Solution: Winch drum torque is 15,000 x 7 (radius of drum) – 105,000 inch-lbs. Motor torque is found by dividing winch torque by drive sprocket ratio. Torque= 105,000 / 2 = 52,500 inch-lbs. This is theoretical torque required on the motor shaft. Allow extra torque for mechanical losses in sprocket drive and in winch drum bearings.

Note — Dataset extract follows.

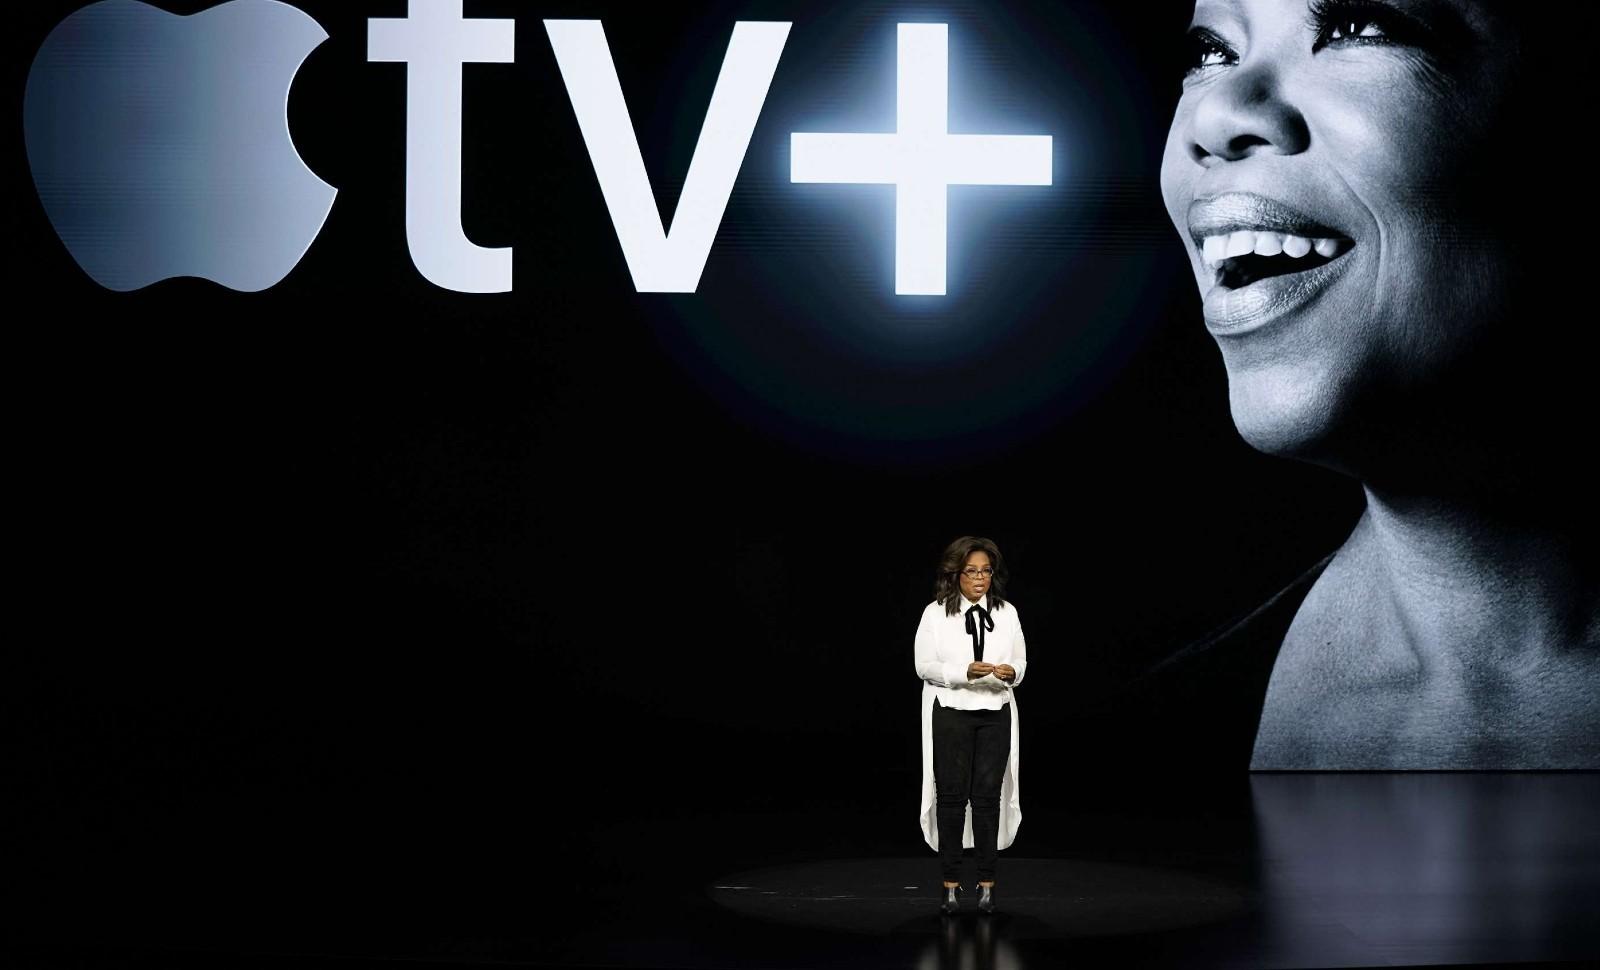 La vedette Oprah Winfrey  présente le nouveau service Apple tv + au siège de la marque à Cupertino en Californie, le 25 mars 2019 © Tony Avelar/AP/SIPA Numéro de reportage: AP22320417_000007

Ratio A + B | Multi- plier |
60.00 | 60.01 |
55.00 | 55.01 |
50.00 | 50.01 |
45.00 | 45.01 |
40.00 | 40.01 |
35.00 | 35.01 |
30.00 | 30.02 |
29.00 | 29.02 |
28.00 | 28.02 |
27.00 | 27.02 |
26.00 | 26.02 |
25.00 | 25.02 |
24.00 | 24.02 |
23.00 | 23.02 |
22.00 | 22.02 |
21.00 | 21.02 |
20.00 | 20.03 |
19.00 | 19.03 |
18.00 | 18.03 |
17.00 | 17.03 |
16.00 | 16.03 |
15.00 | 15.03 |
14.00 | 14.03 |
13.00 | 13.03 |
12.00 | 12.04 |
11.00 | 11.04 |
10.00 | 10.04 |
9.00 | 9.05 |
8.00 | 8.06 |
7.50 | 7.57 |
7.00 | 7.07 |
6.50 | 6.58 |
6.25 | 6.33 |
6.00 | 6.08 |
5.70 | 5.79 |
5.40 | 5.49 |
5.20 | 5.30 |
4.90 | 5.00 |
4.70 | 4.81 |
4.50 | 4.62 |
4.30 | 4.42 |
4.15 | 4.27 |
4.00 | 4.12 |
3.80 | 3.93 |
3.70 | 3.83 |
3.60 | 3.74 |
3.50 | 3.64 |
3.40 | 3.54 |
3.30 | 3.45 |
3.20 | 3.35 |
3.10 | 3.26 |
3.00 | 3.16 |
2.90 | 3.07 |
2.80 | 2.97 |
2.70 | 2.88 |
2.60 | 2.79 |
2.50 | 2.69 |
2.40 | 2.60 |
2.30 | 2.51 |
2.20 | 2.42 |
2.10 | 2.33 |
2.05 | 2.28 |
2.00 | 2.24 |
1.95 | 2.19 |
1.90 | 2.15 |
1.85 | 2.10 |
1.80 | 2.06 |
1.75 | 2.02 |
1.65 | 1.93 |
1.60 | 1.89 |
1.50 | 1.80 |
1.45 | 1.76 |
1.40 | 1.72 |
1.35 | 1.68 |
1.30 | 1.64 |
© 1988 by Womack Machine Supply Co. This company assumes no liability for errors in data nor in safe and/or satisfactory operation of equipment designed from this information.